The previous article introduced security audits, which are actually audits of security specifications.
There are many potential sources for security specifications. Some of them are government standards. For example, in the United States, HIPAA, the Health Insurance Portability and Accountability Act of 1996, specifies requirements for administrative safeguards, physical safeguards, and technical safeguards of medical records and personally identifiable information. Anyone dealing with Protected Health Information must comply with HIPAA.
The credit card industry has the Payment Card Industry Data Security Standard or PCI DSS, which must be followed by anyone who is handling credit card information.
The SANS Institute offers a wide range of security training and resources, including a set of Information Security Policy Templates that provide examples of best practices that can be customized for your organization. For example, the Server Security Policy specifies things like “all internal servers deployed at <company name> must be owned by an operational group that is responsible for system administration” – in other words, no zombie servers that no-one is responsible for!
The United States Department of Defense has prepared Security Technical Implementation Guides which specify how government computers will be configured and managed.
Of course there are numerous books on computer security, many including guidelines and checklists.
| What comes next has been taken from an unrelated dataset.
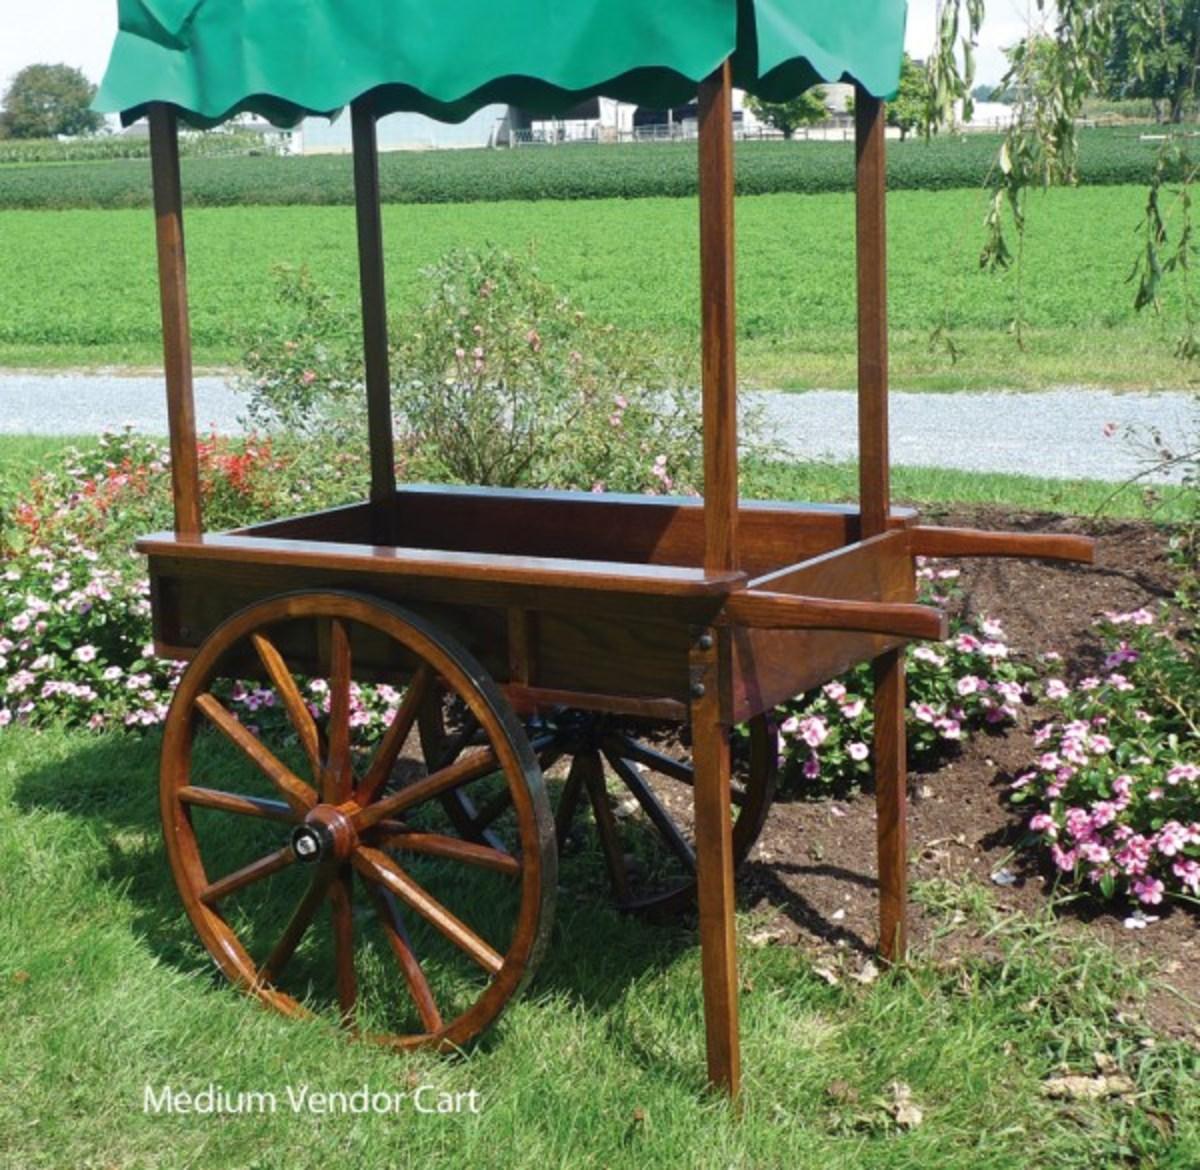 Peddler-Vendor Carts

Finally, each organization must prepare their own security guide which lays out the security rules that they choose to follow. This is critical because each organization has their own set of requirements, needs, and threats. You can’t simply say “all computer systems must be completely secure” – first, this is impossible. There is a famous observation that the only truly secure computer system is one that is melted into slag, ground into dust, cast into a block of concrete, and dumped into the deepest part of the ocean. Second, implementing the highest levels of security for all systems is expensive and makes the systems very difficult to use.
As we have discussed before, computer security in the real world is a risk management exercise. Risk can’t be eliminated, it can’t be ignored, and it should be managed intelligently.
An organizations security guide should be based on applicable government and industry requirements, accepted best practices, and the specific requirements of the organization.